One last grid search

In [131]:
model = LinearSVC(max_iter=2500)
params3 = {'C':[0.43,0.47,0.5,0.53,0.57]}
grid_search3 = GridSearchCV(model,params3,'accuracy')
grid_search3.fit(dirt_mat,y)
bestsvc = grid_search3.best_estimator_

In [132]:
cross_val_score(bestsvc, dirt_mat, y, cv=5, scoring='accuracy').mean()

0.7912707717395134

Tuning for Logistic Regression

In [114]:
model = LogisticRegression(max_iter=1500)
params = {'C': [1,2,3,4,5,6,7,8]}
grid_search = GridSearchCV(model,params,'accuracy')
grid_search.fit(dirt_mat,y)
bestlogreg = grid_search.best_estimator_

In [98]:
cross_val_score(bestlogreg, dirt_mat, y, cv=5, scoring='accuracy').mean()

0.791295928964266

In [115]:
model = KNeighborsClassifier()
params = {'n_neighbors': [11,12,13,14,15,16,17,18,19]}
grid_search = GridSearchCV(model,params,'accuracy')
%time grid_search.fit(dirt_mat,y)
bestknn = grid_search.best_estimator_

Wall time: 12min 36s


In [133]:
cross_val_score(bestknn, dirt_mat, y, cv=5, scoring='accuracy').mean()

0.744632156584838

# Ensemble Classifier
Now we'll try to see if using a voting classifier with some of our better models will increase the accuracy score.

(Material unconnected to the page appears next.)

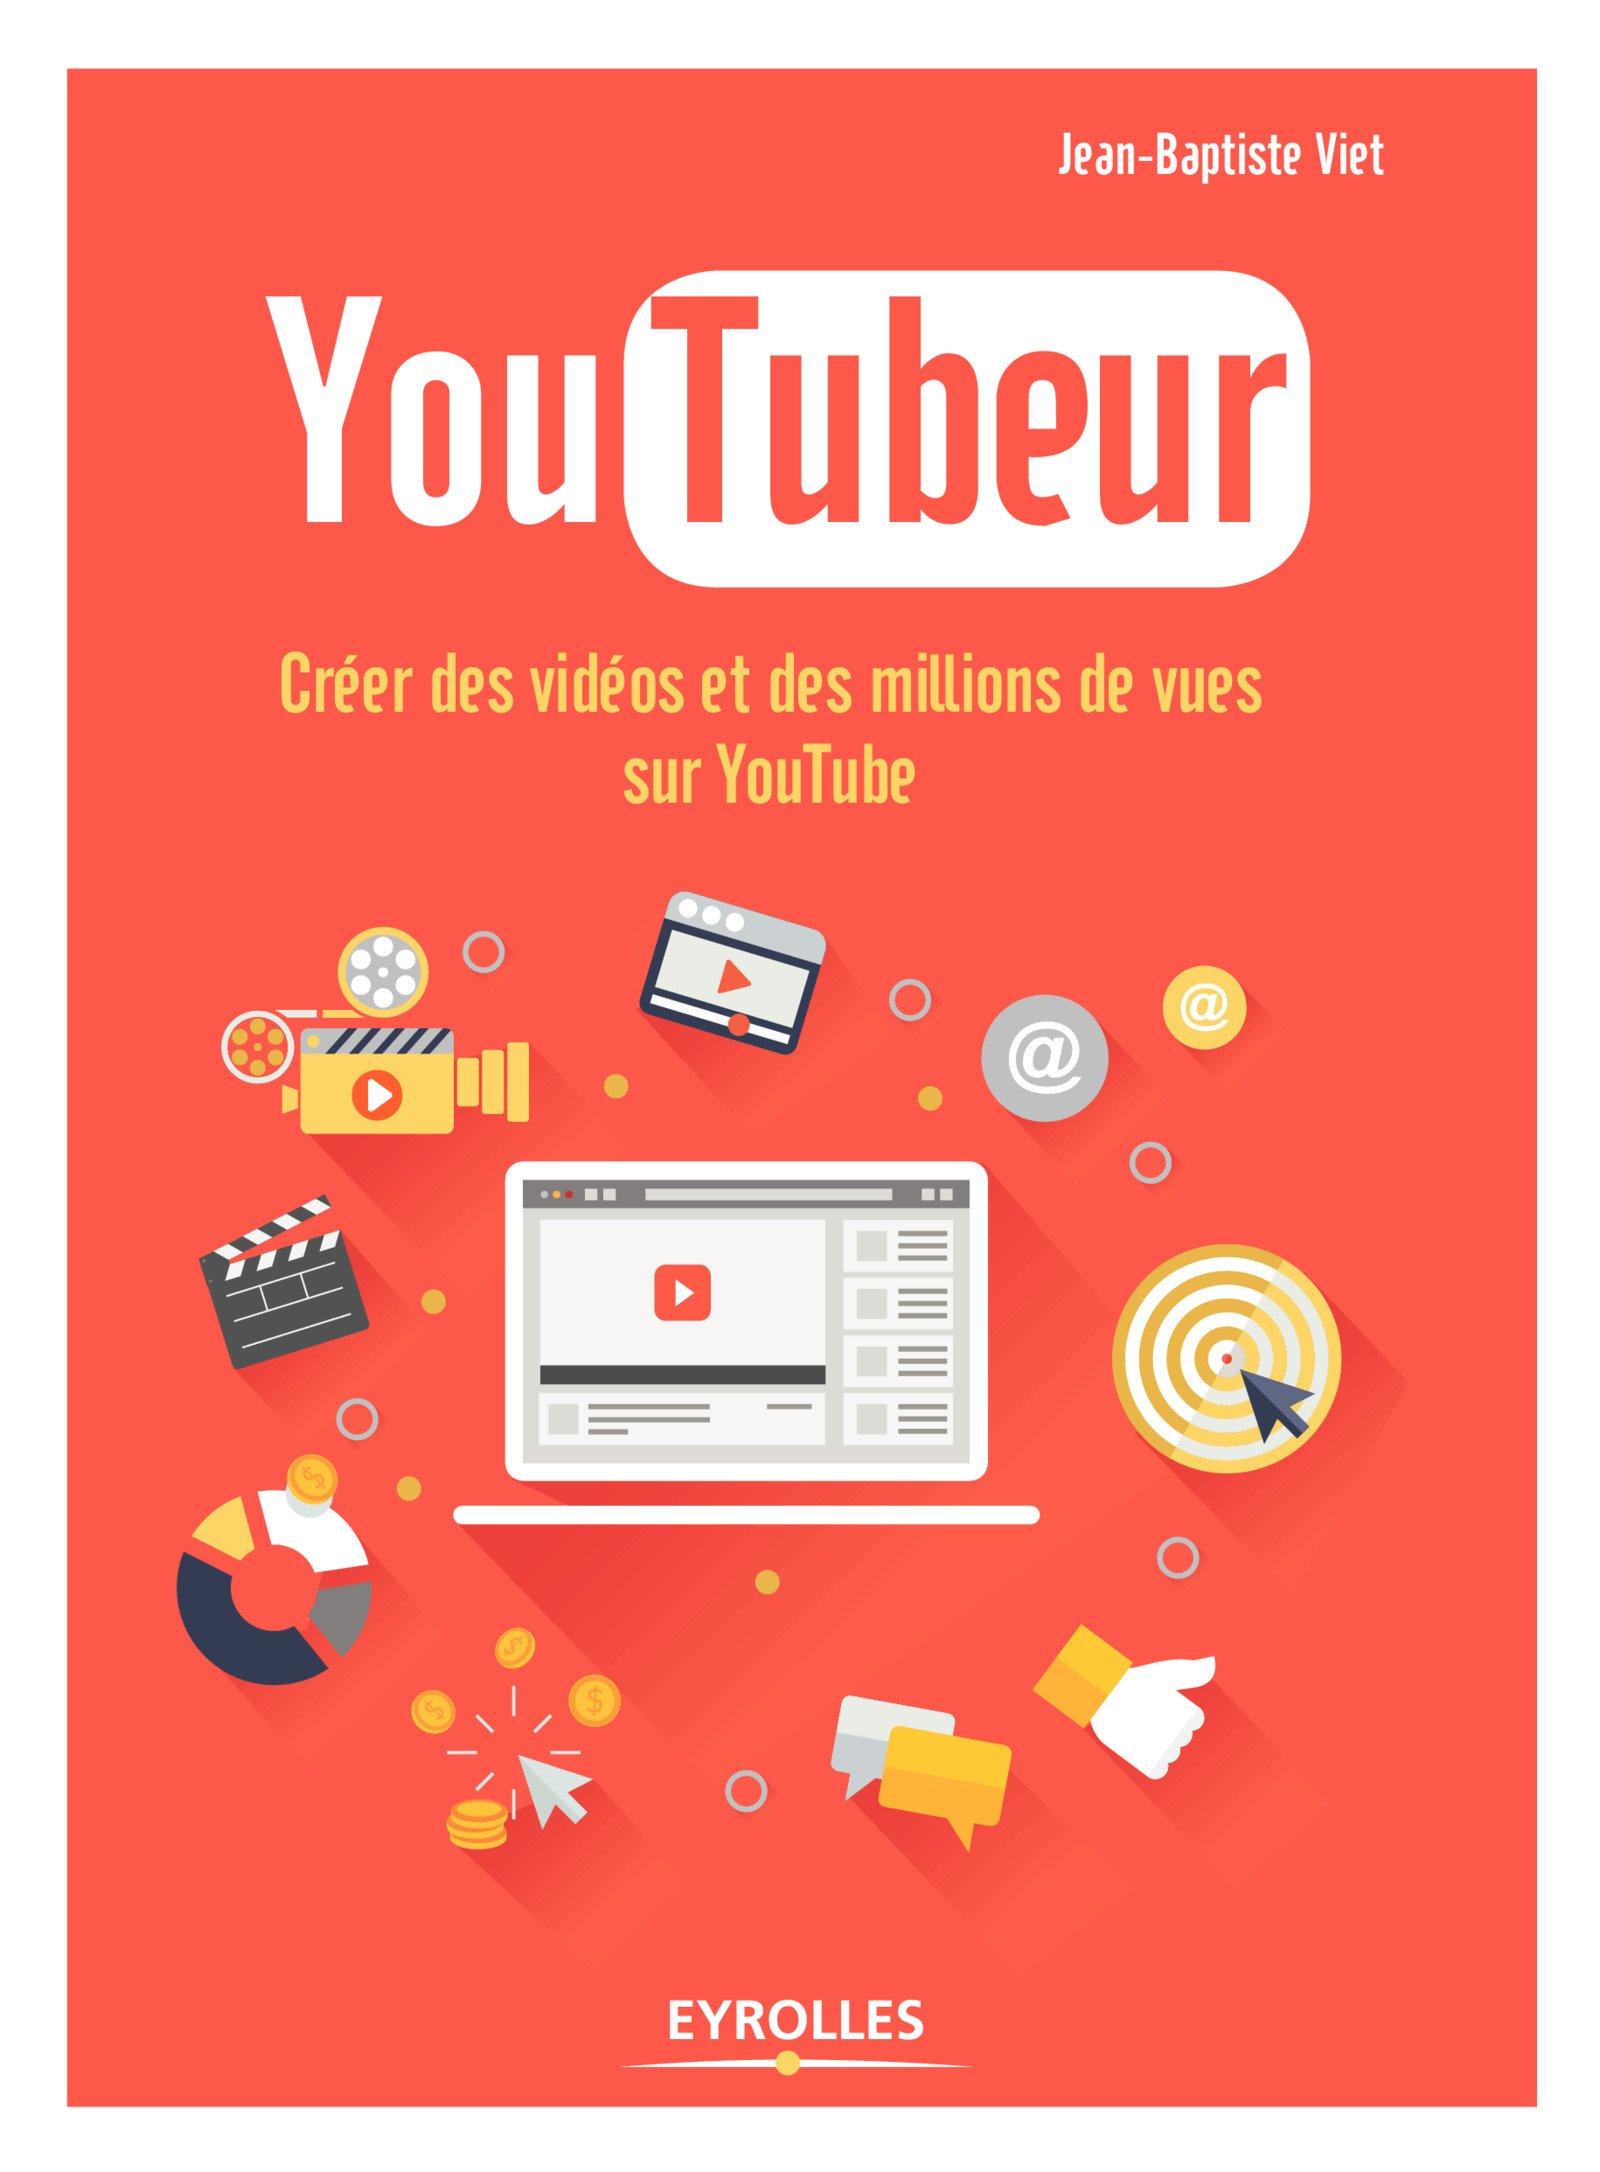 YouTubeur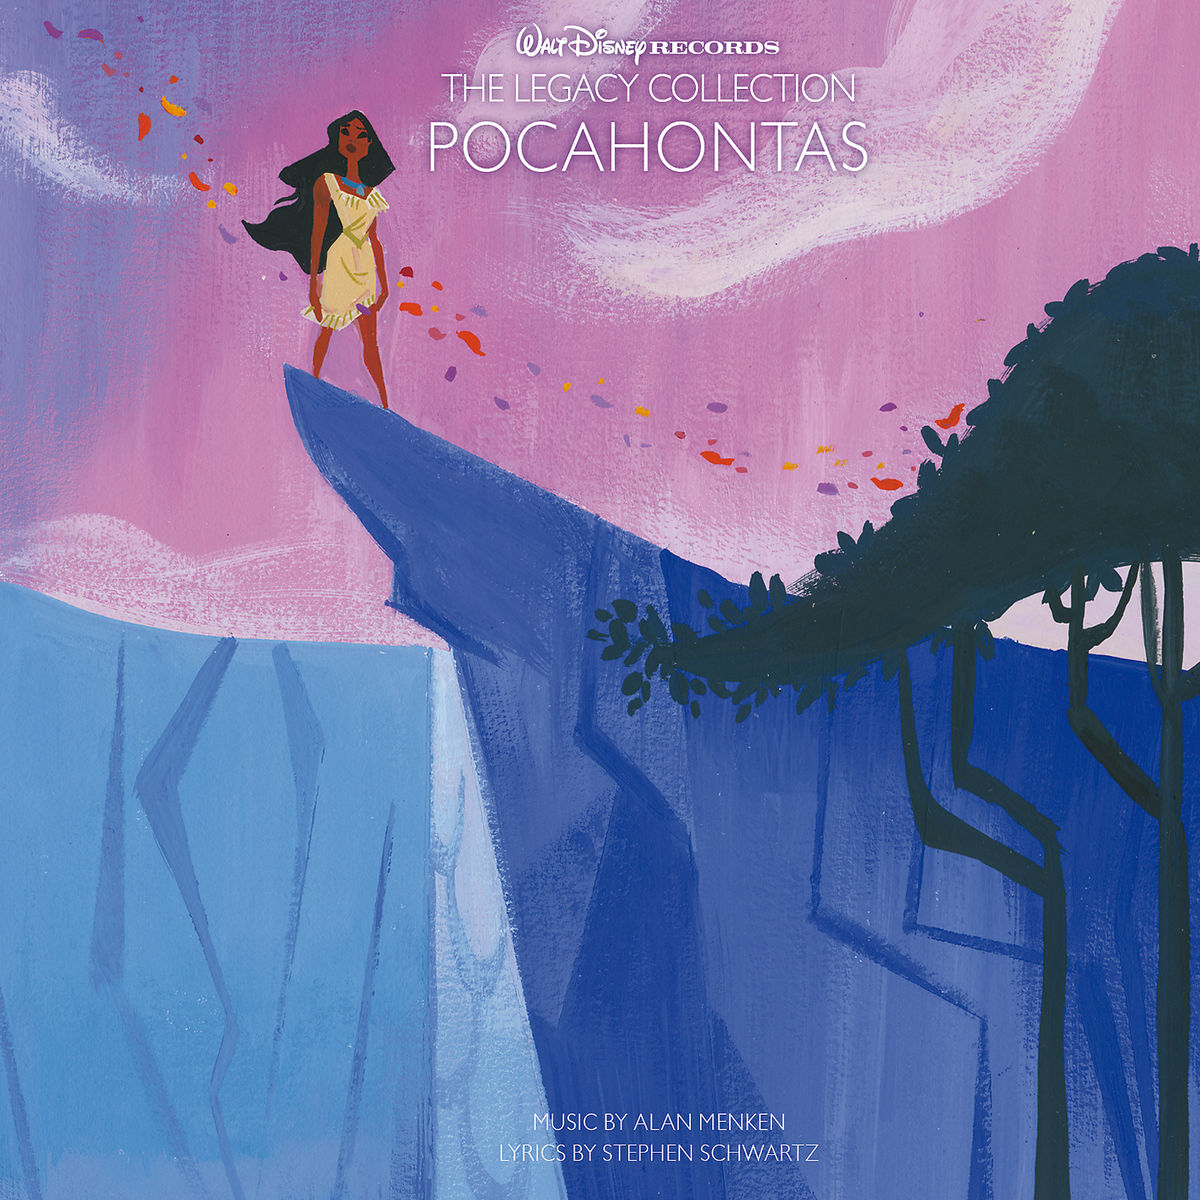 The Legacy Collection: Pocahontas

Since LinearSVC doesn't have a predict_proba() fucntion, we'll need to wrap it in a CalibratedClassifier

In [116]:
bestsvc=CalibratedClassifierCV(base_estimator=LinearSVC(C=0.53,max_iter=2500), method='sigmoid')

In [129]:
vote = VotingClassifier(estimators=[('svc',bestsvc),('logreg',bestlogreg),('knn',bestknn)],voting='soft')

In [130]:
%time cross_val_score(vote,dirt_mat,y,cv=5,scoring='accuracy').mean()

Wall time: 4min 5s


0.7977825197588838

Looks like the accuracy is marginally improved, but still not over the 0.8 hump.